When in 1975, the Johannesburg City Council (at one of their full-scale activated sludge plants) and Dr James Barnard and his research group at the National Institute for Water Research, together with the WRG at UCT, found that phosphorous could be removed biologically in activated sludge systems, it provided a treatment system that could deal with the eutrophication problem without exacerbating the salination problem.

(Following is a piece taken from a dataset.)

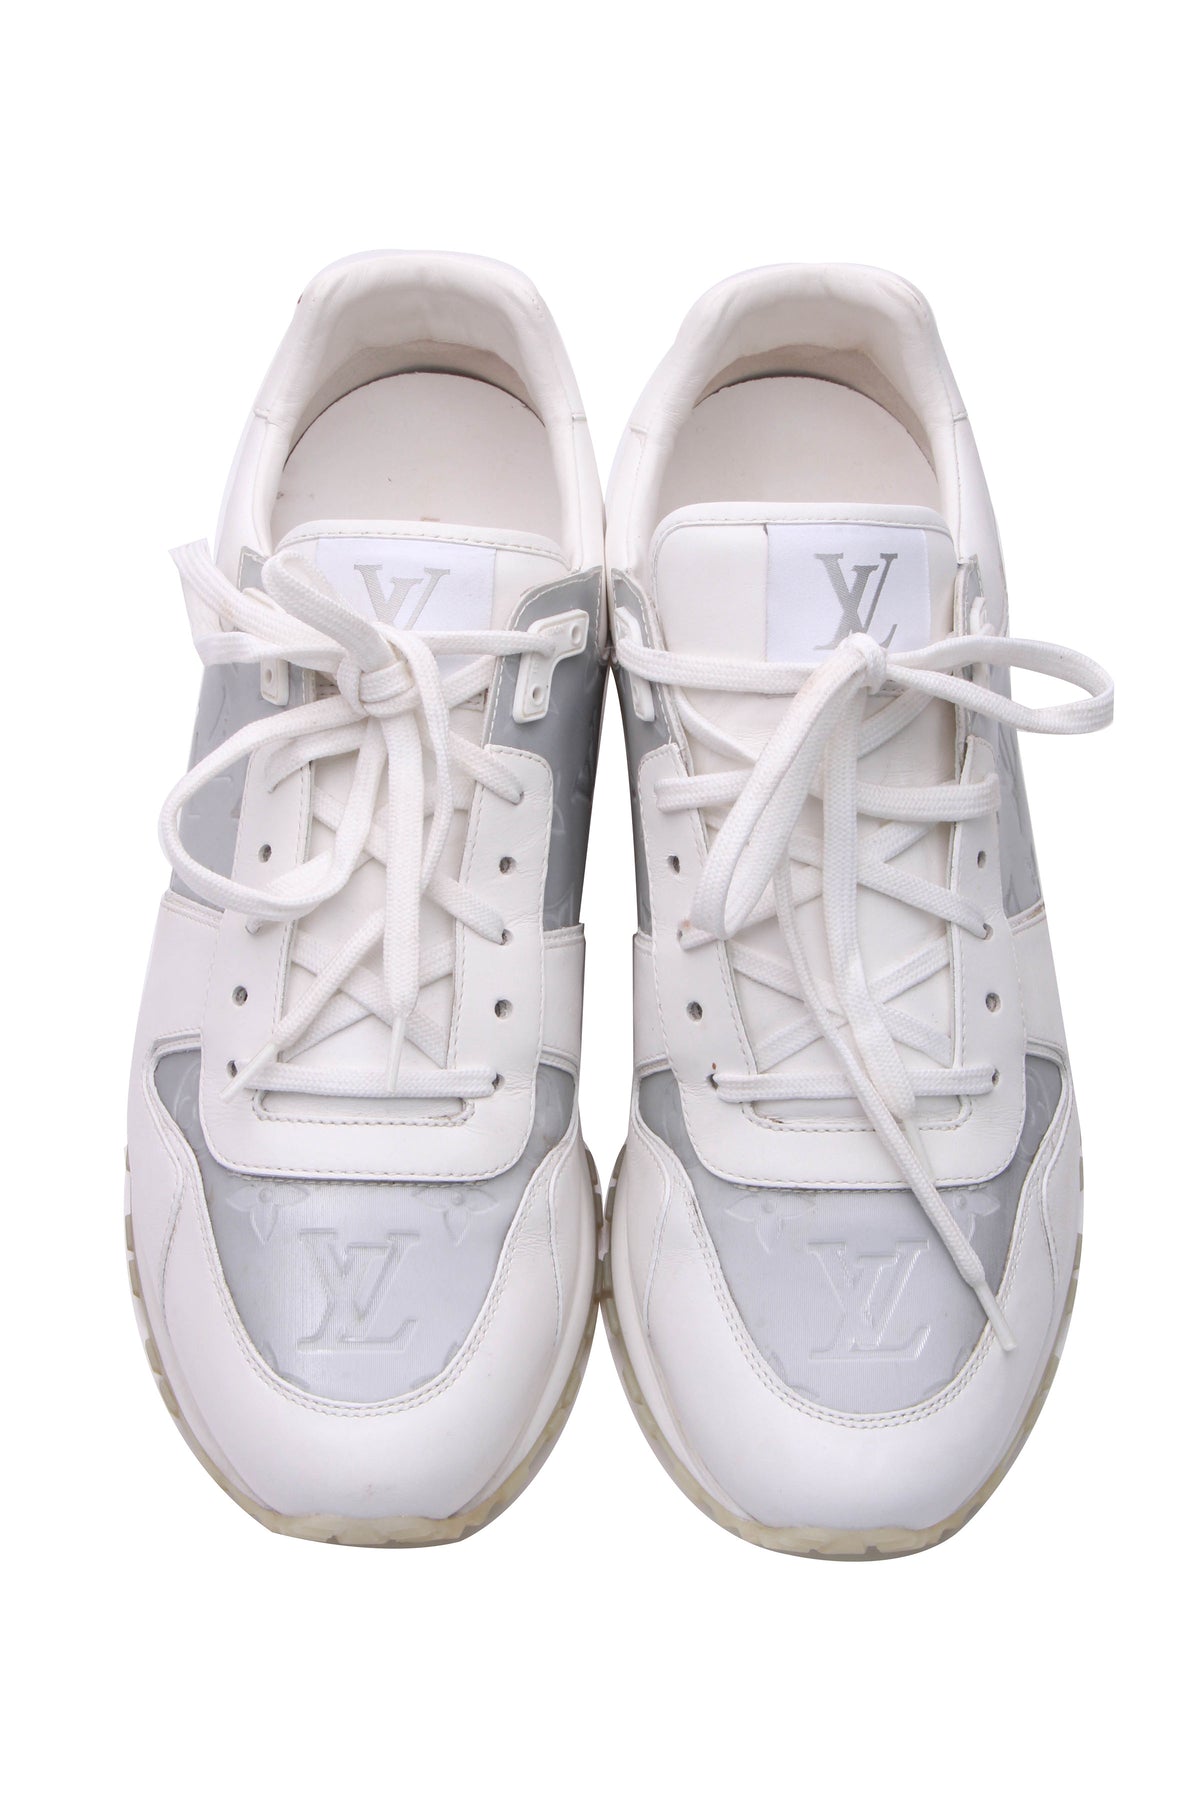 Louis Vuitton, Shoes, Louis Vuitton Run Away Sneakers Men

"Since 1980, biological nitrogen and phosphorous removal activated sludge systems have been built in South Africa," said Ekama. "UCT's name has been around the world because it has a biological nitrogen and phosphorus removal activated sludge system configuration named after it, called the University of Cape Town Process. Go to any conference on wastewater treatment and there will be a couple of papers discussing this system."

For many wastewater plants currently still using trickling filter systems to treat a part of its wastewater flow, the WRG has developed an external nitrification system that integrates the older trickling filters into the biological nutrient removal activated sludge system using the strengths of both.

The integrated system allows biological nutrient removal on the full wastewater flow, usually without building any additional units.

A re-engineered combination of the two systems is important because removing phosphorous chemically not only costs money but also adds to the salt load of the receiving water, said Ekama.

After five years of laboratory testing at UCT, the system now begins a two-year trial period at the Daspoort wastewater treatment plant, in the Tshwane or greater Pretoria Municipal area, where some of the pilot scale trials were done in the early days of biological phosphorous removal.

The project has received acclaim as a finalist in the Technology and Human Resource Improvement Programme (THRIP) excellence awards and is supported by Water Sanitation Services South Africa, a subsidiary of Ondeo Services, Paris.

Ekama has been with the department of civil engineering since 1975, when he was still a postgraduate student. He was appointed a professor of water quality engineering in 1991 and has been head of department since the beginning of this year.

He is a Fellow of UCT, the Royal Society of South Africa, the Academy of Science of South Africa, and the South African Academy of Engineering. He is a senior fellow of the Water Institute of Southern Africa, as well as a member of the International Water Association.